Of further interest was the (at this point qualitative) agreement between different research groups coming at the problem from different angles. For example, Simon O'Kane from the University of Bath presented his theoretical models in "Can slow-moving ions explain hysteresis in peroskite solar cells?" which showed convincing similarities to what is often seen in experimental hysteresis data. Meanwhile, Piers Barnes from Imperial College London presented work looking at the time-constants involved  and how it can help to eliminate some of the other theories. Computation modelling also suggested the activation energy required for an iodine atom to hop onto an adjacent defect site could be below 0.7 eV, which when compared to the high flux of 3 eV photons being thrown at these samples under solar illumination, suggests that the lattice defects are highly mobile.
From our own work we have some qualitative and quantitative data suggesting that as we improve the purity of the system the hysteresis decreases and stability increases. As such, we're looking forward to drilling down into this in more detail as part of the new Photovoltaic Lifetime and Degradation Project in conjunction with The University of Sheffield, Imperial College London and Swansea University.

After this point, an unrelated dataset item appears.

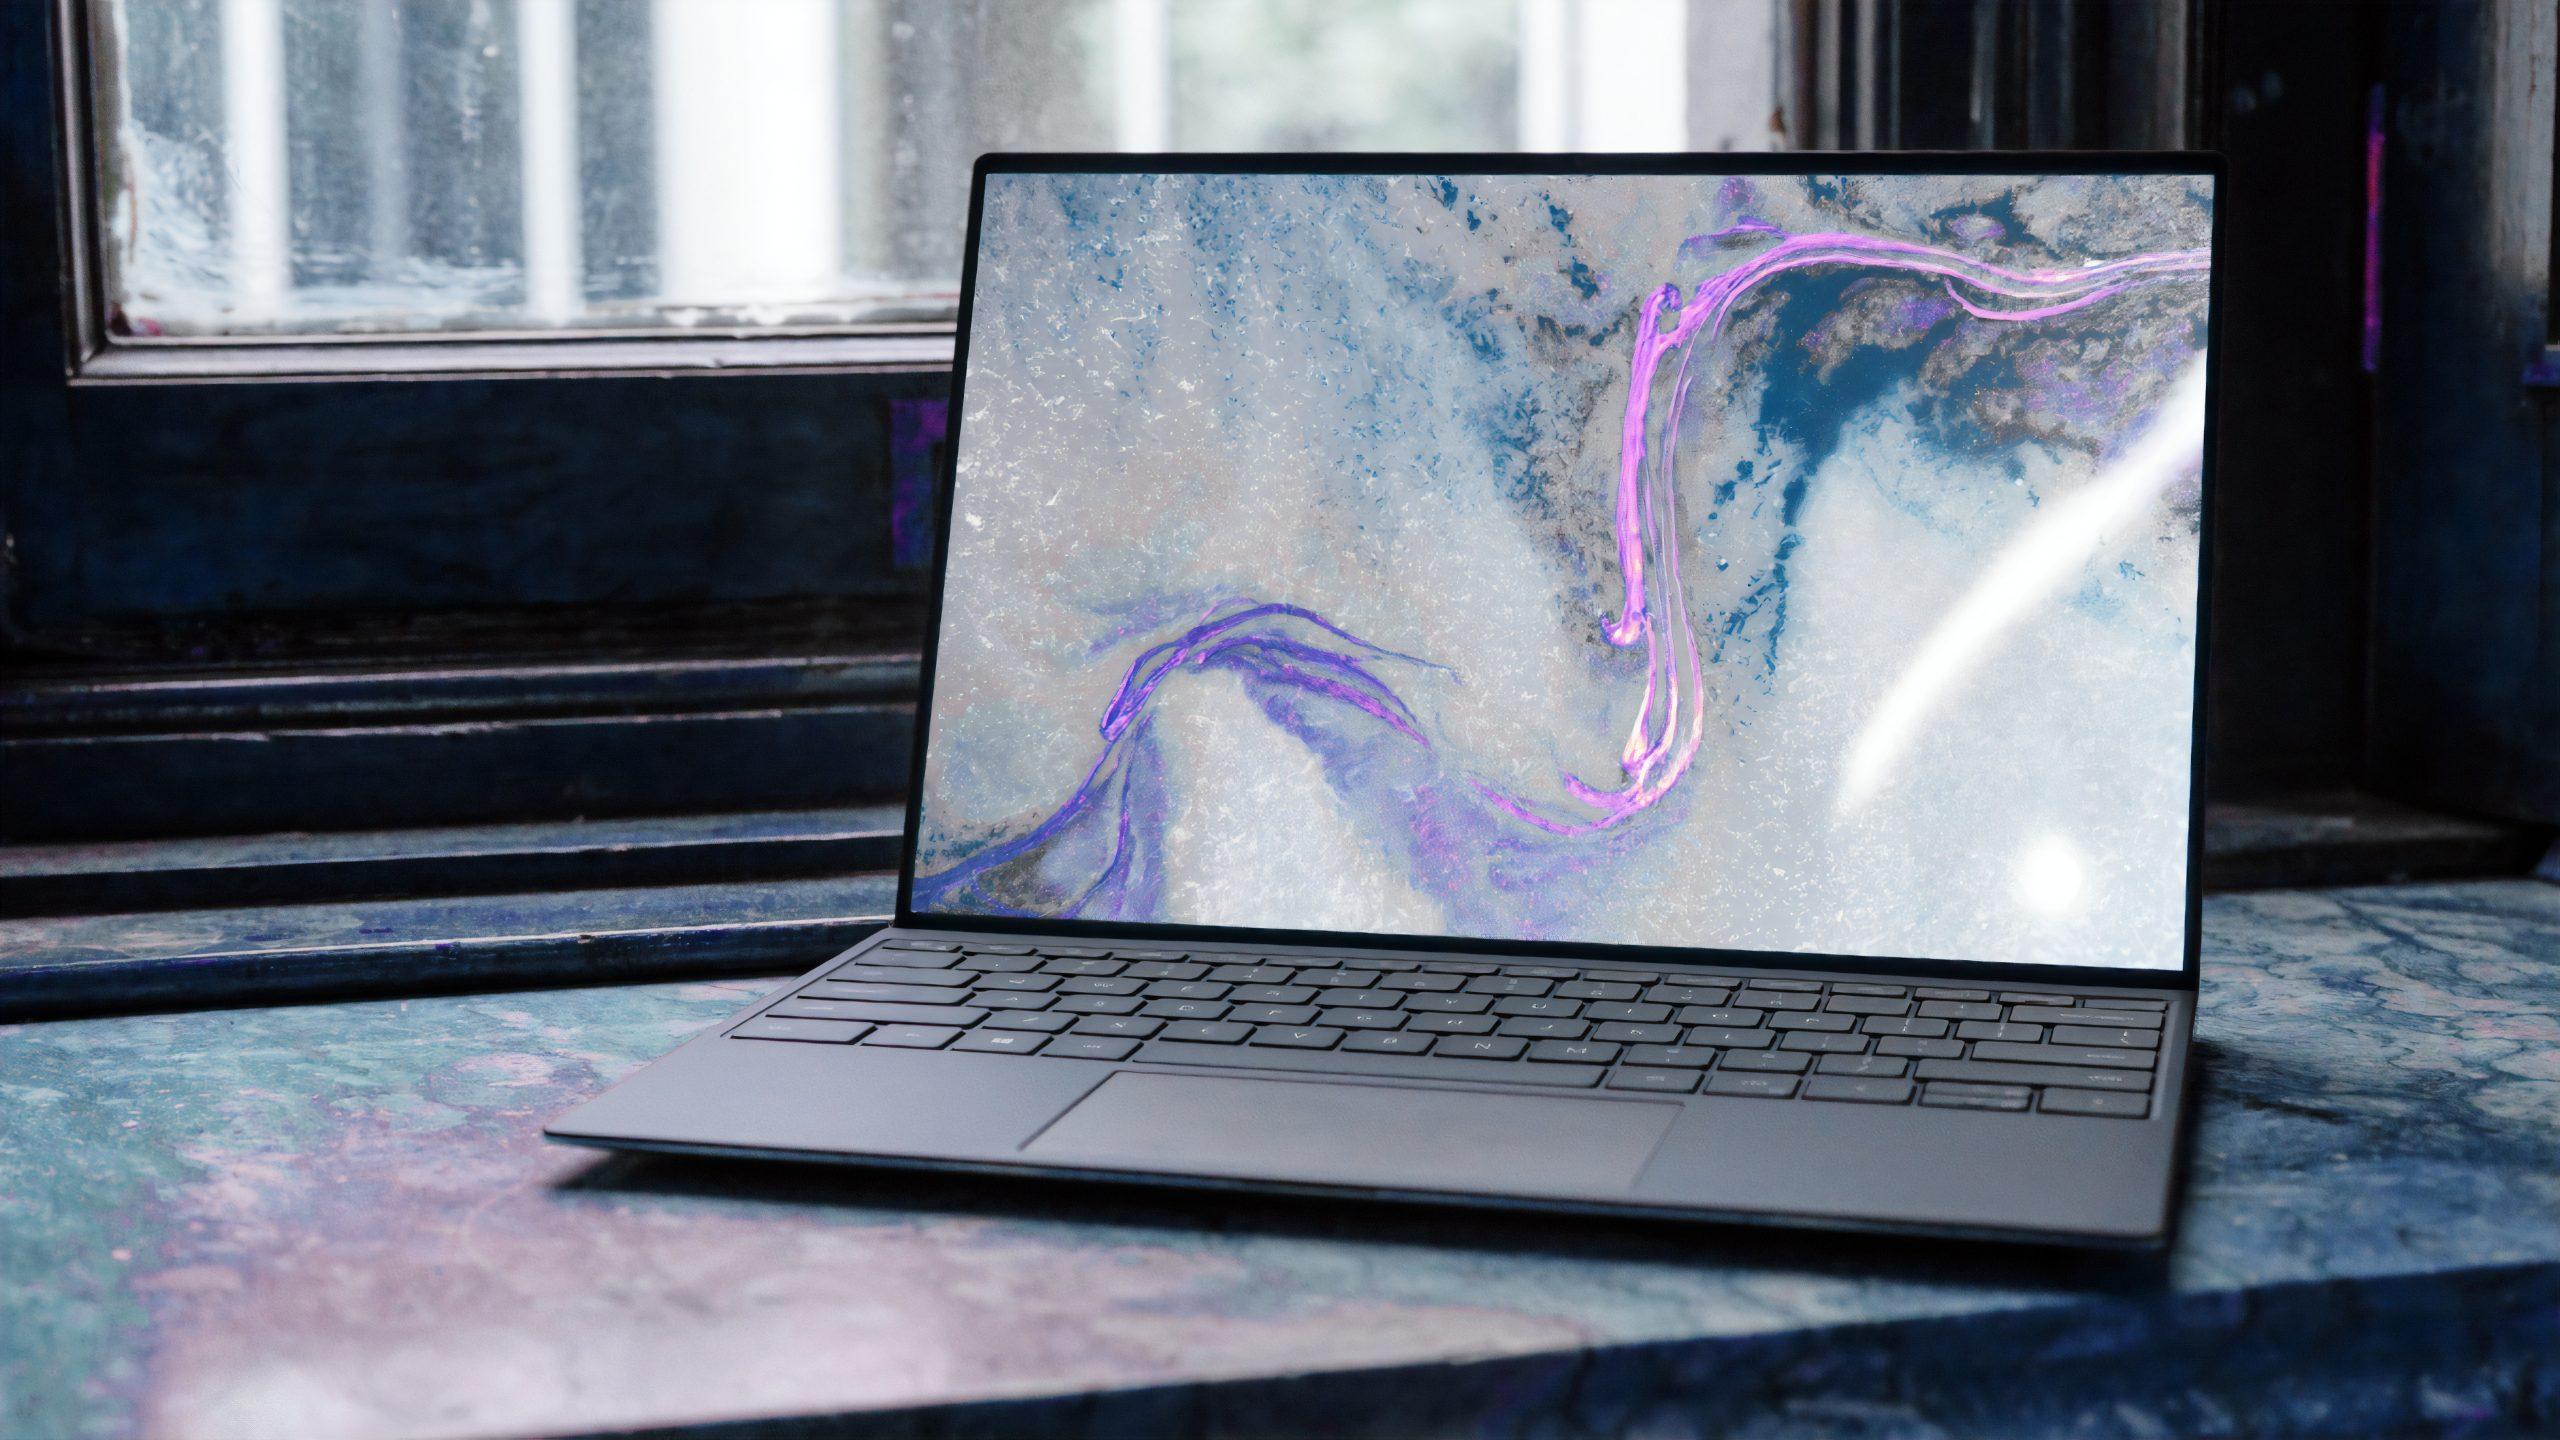 moderne laptopcomputer

Hopefully things will become clearer in time, but it currently looks like peering through the fog of data, maybe there is a glimmer of light shining through and by improving the lifetime and reducing the hysteresis of perovskite photovoltaic devices may just be as simple as making them purer (both chemically and stoichiometrically). Of course given that perovskite lifetime needs to improve by around two orders of magnitude, it's likely that this may just be the first hurdle of many. It's also true that getting perfect crystal lattices with low defect densities from a low-temperature solution-processed semiconductor will not actually be simple at all. However, time will tell and at least it gives a direction to work in.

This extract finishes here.